►

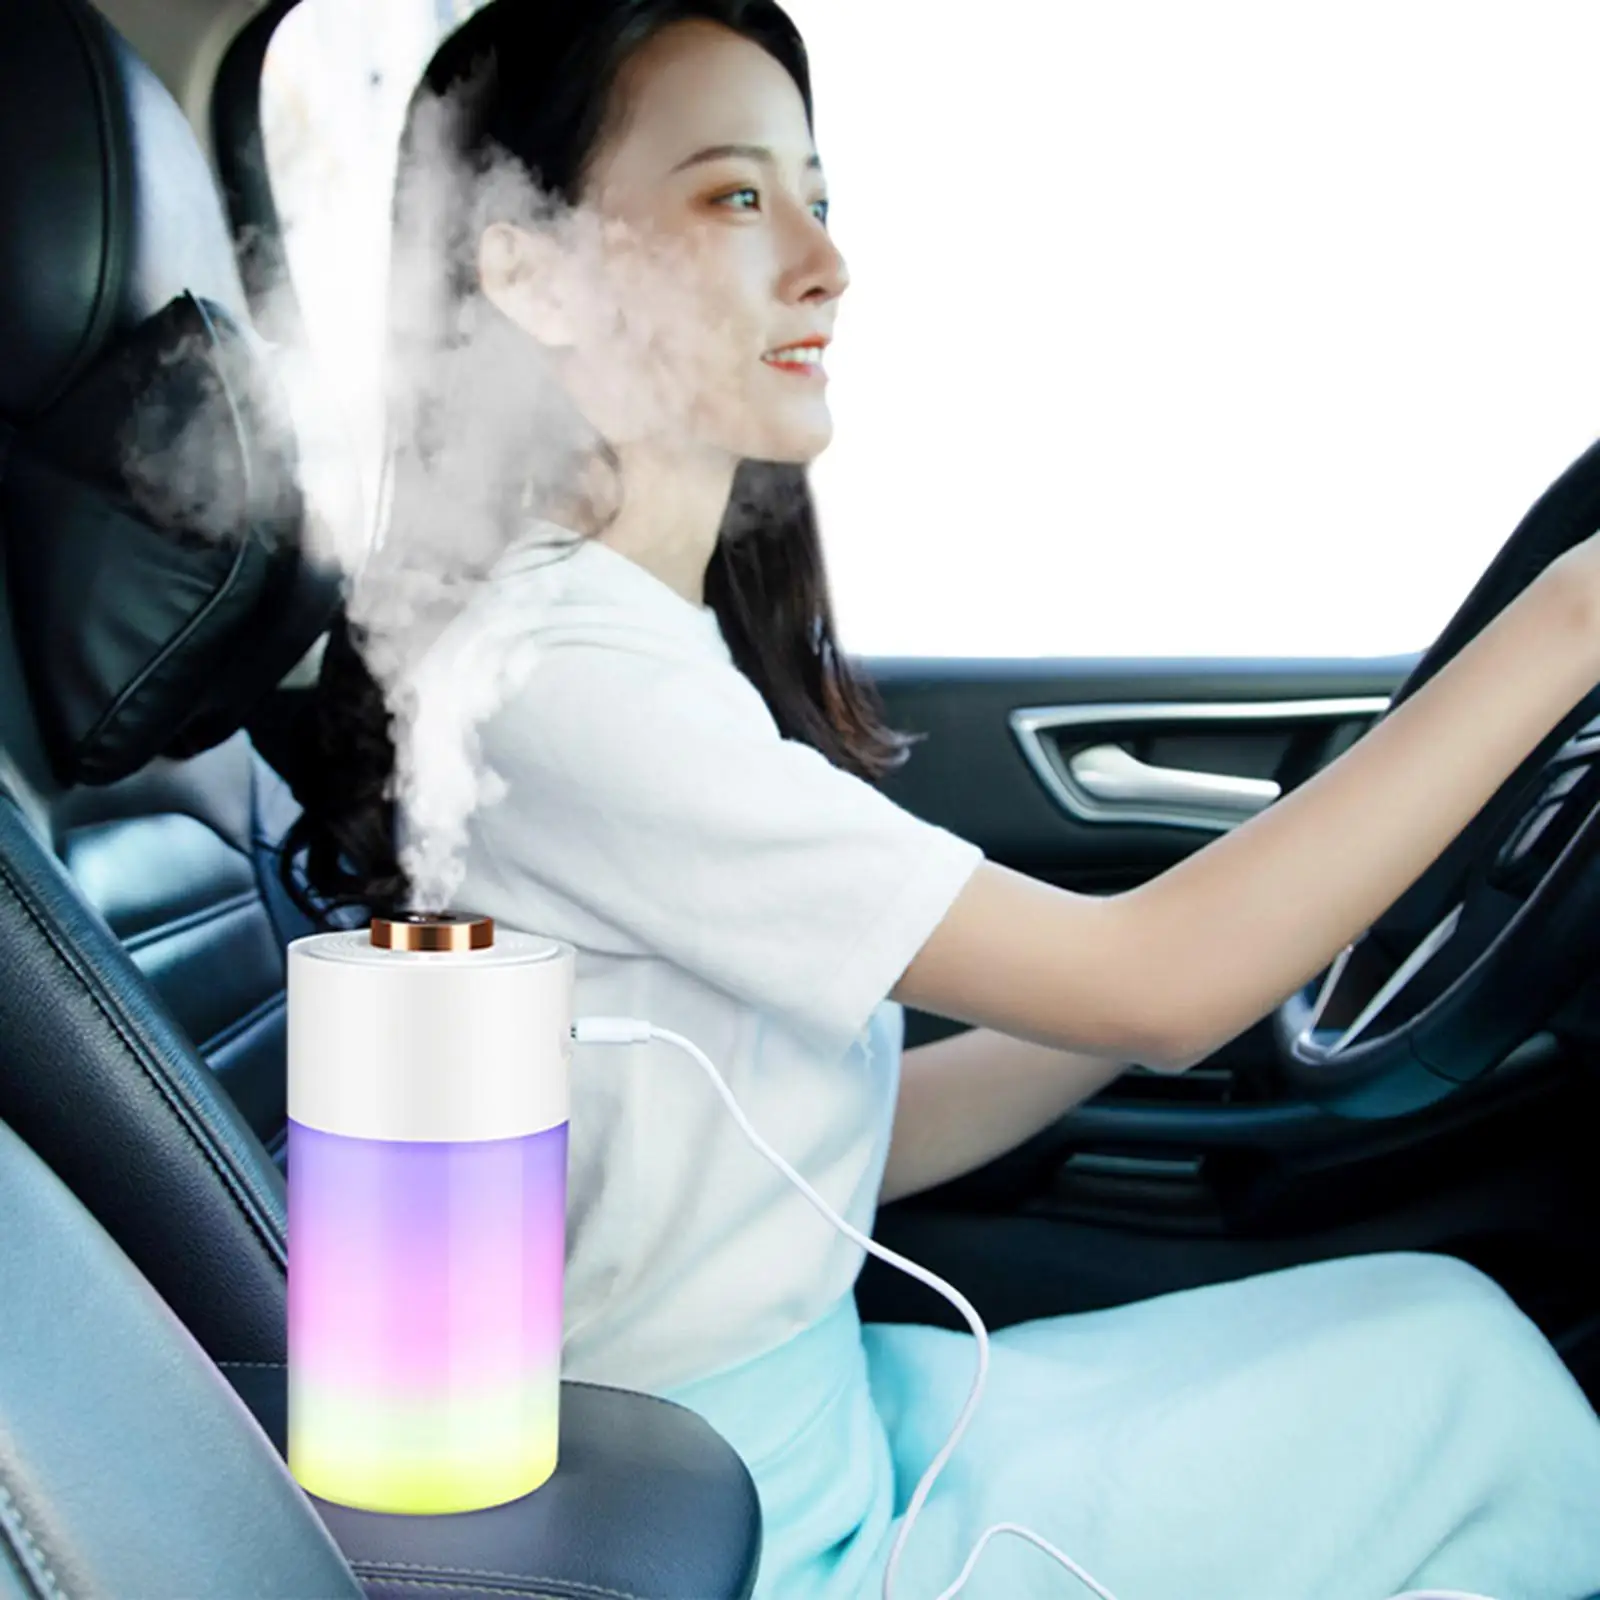 Portable Mist Humidifier Diffuser Quiet USB LED Ultrasonic Atomizer Purifier for Desk
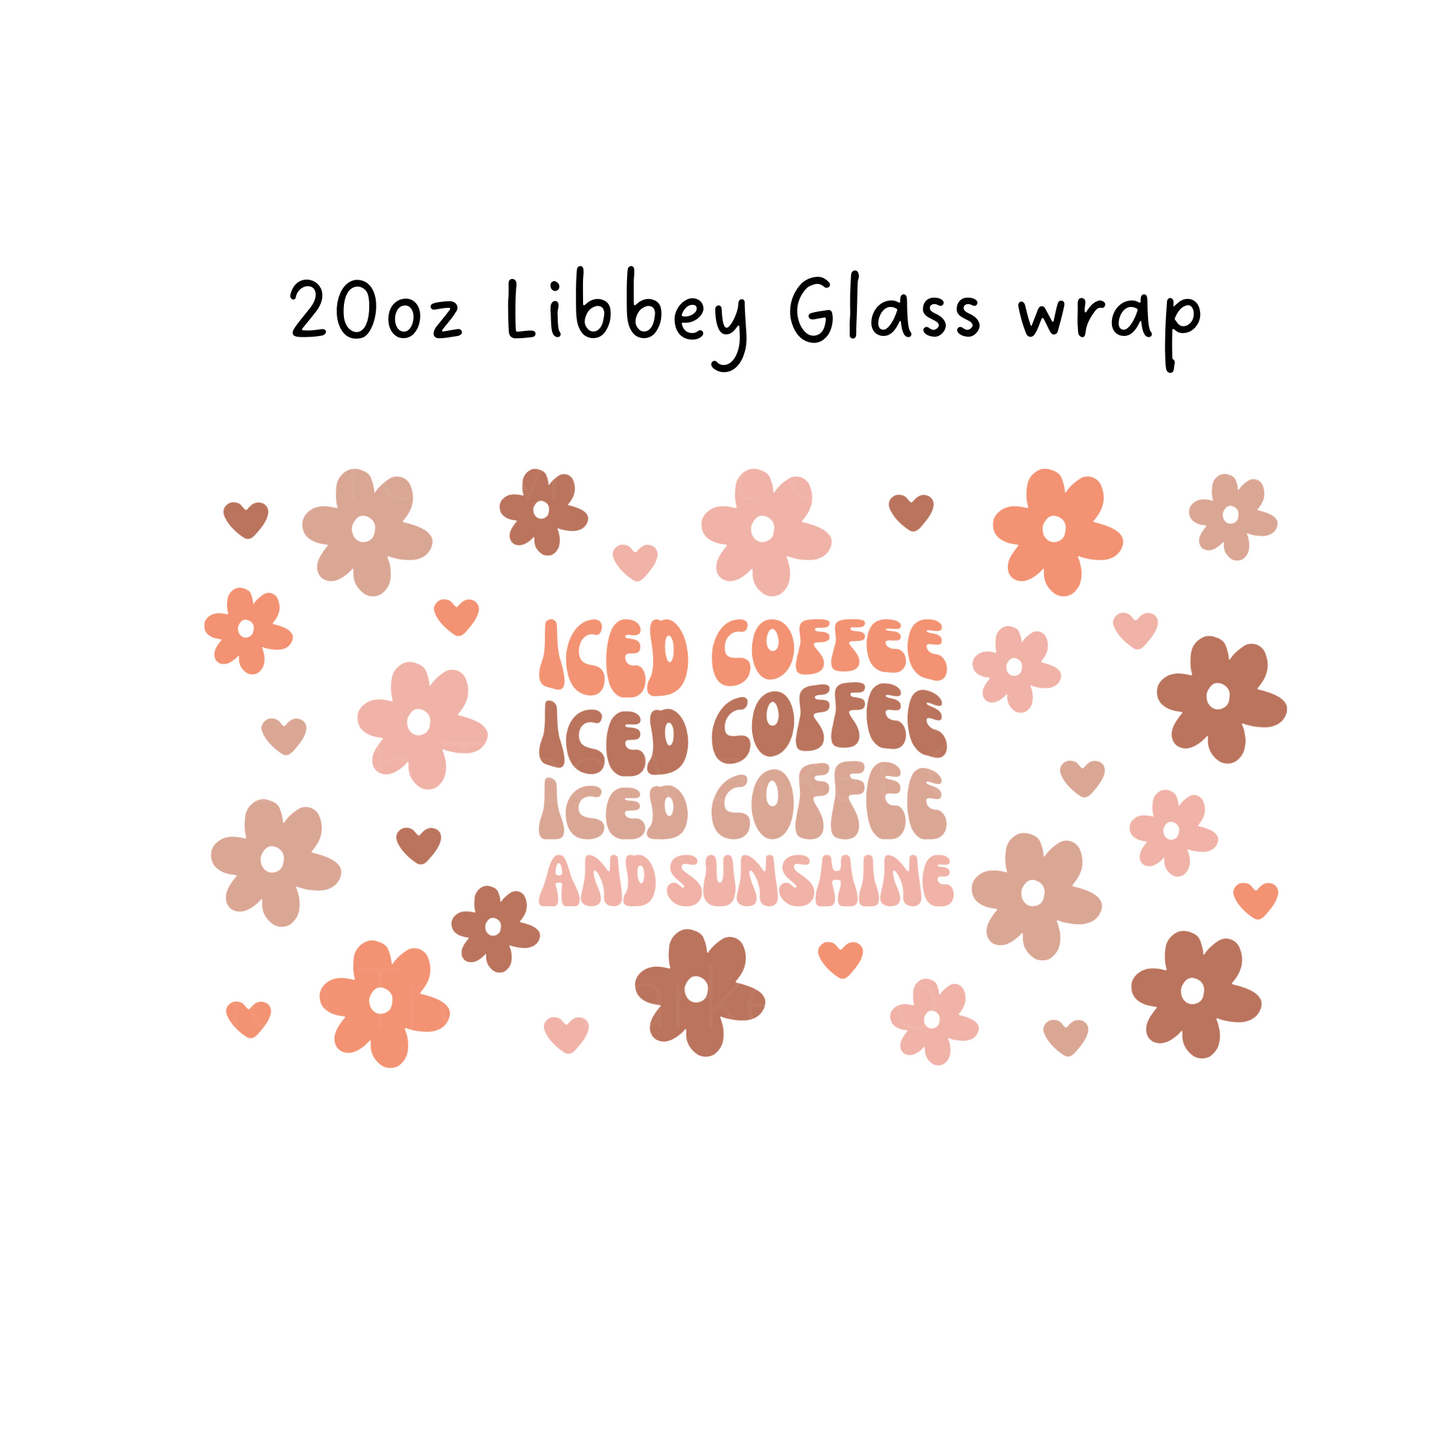 Iced Coffee and Sunshine 20oz Libbey Beer Glass Wrap
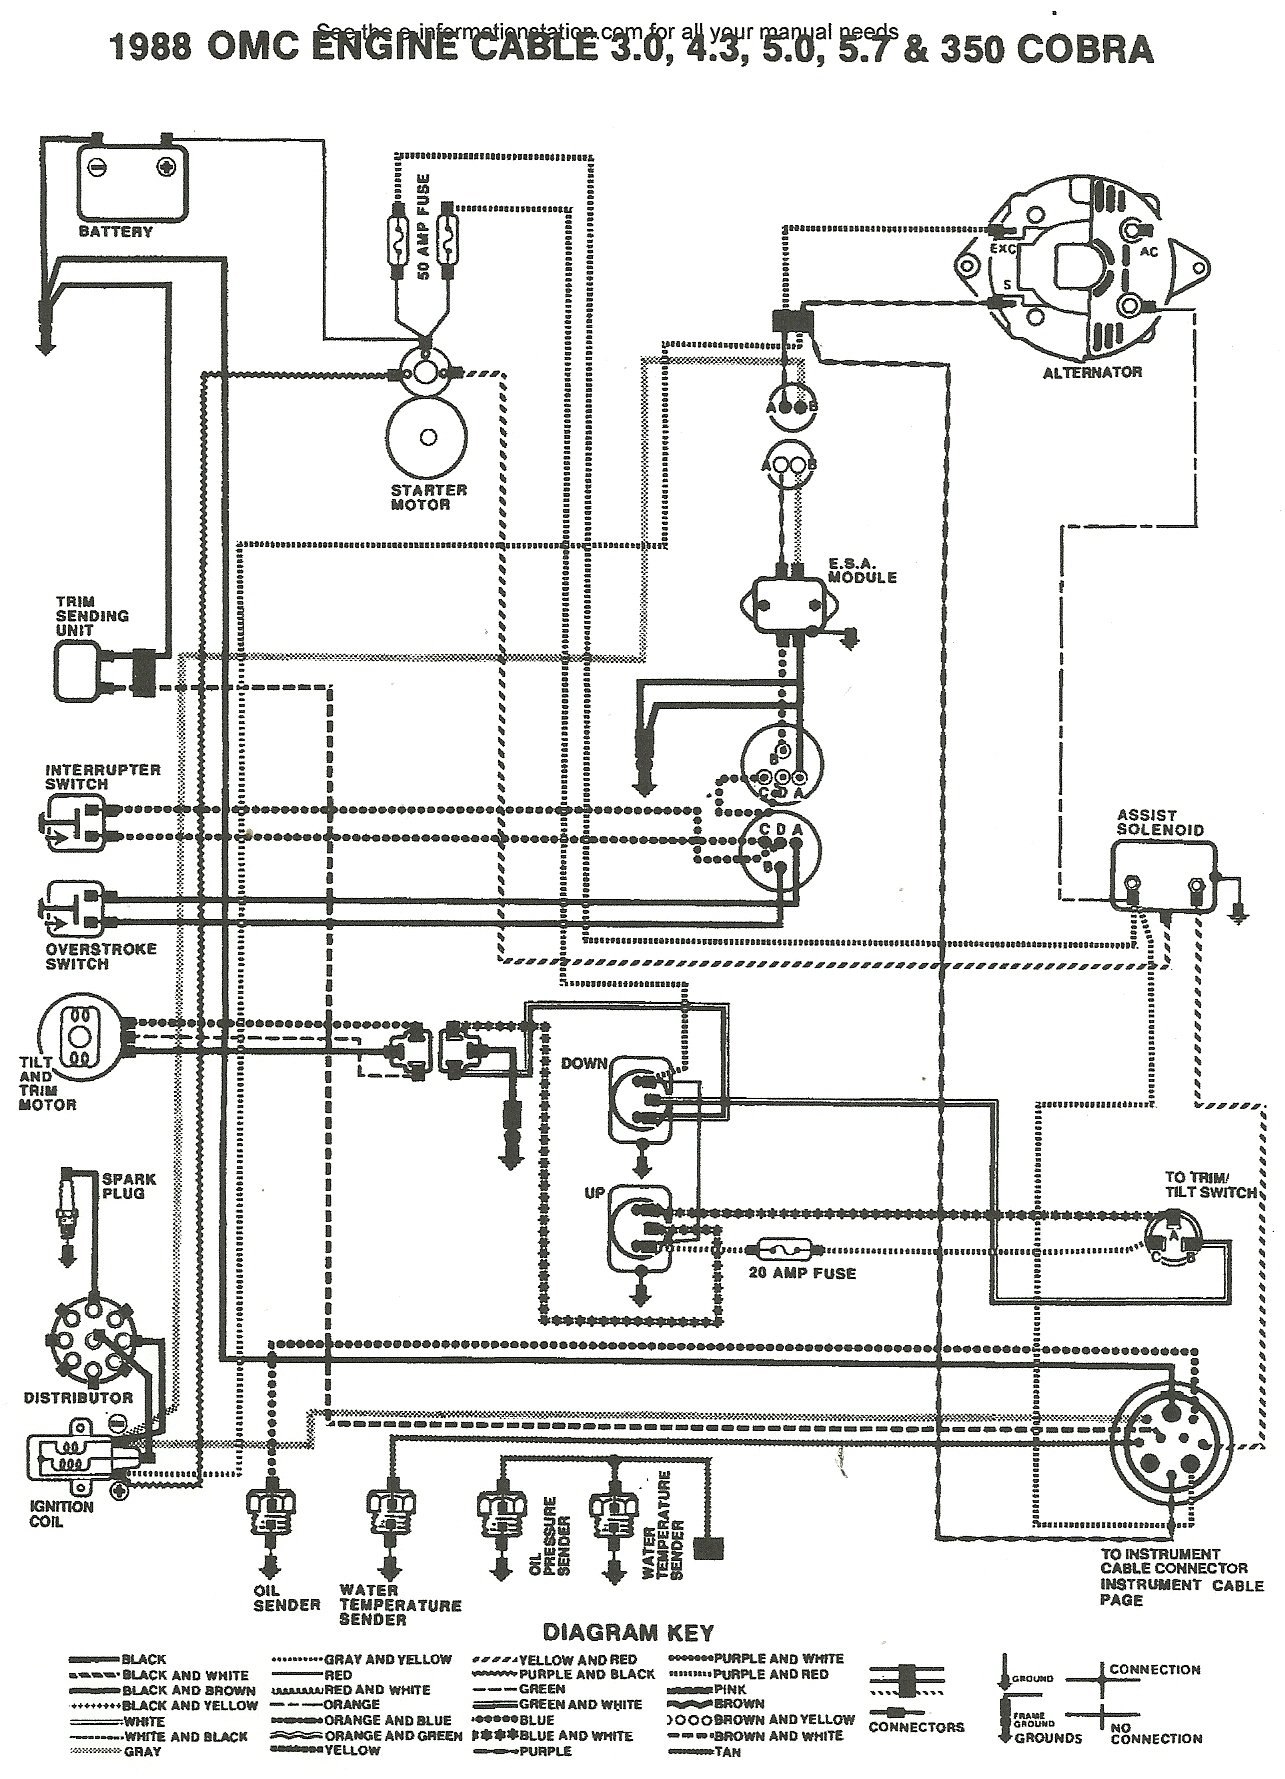 Bayliner Wiring Diagram from wiringall.com

◄

** EXERCISE DESCRIPTION **
In your output, include only the lines from the line containing "Iced Coffee and" through the last line of the material above, exactly as they appear, and leave out the pictures.

** TASK RESPONSE **
 Iced Coffee and Sunshine 20oz Libbey Beer Glass Wrap
 Bayliner Wiring Diagram from wiringall.com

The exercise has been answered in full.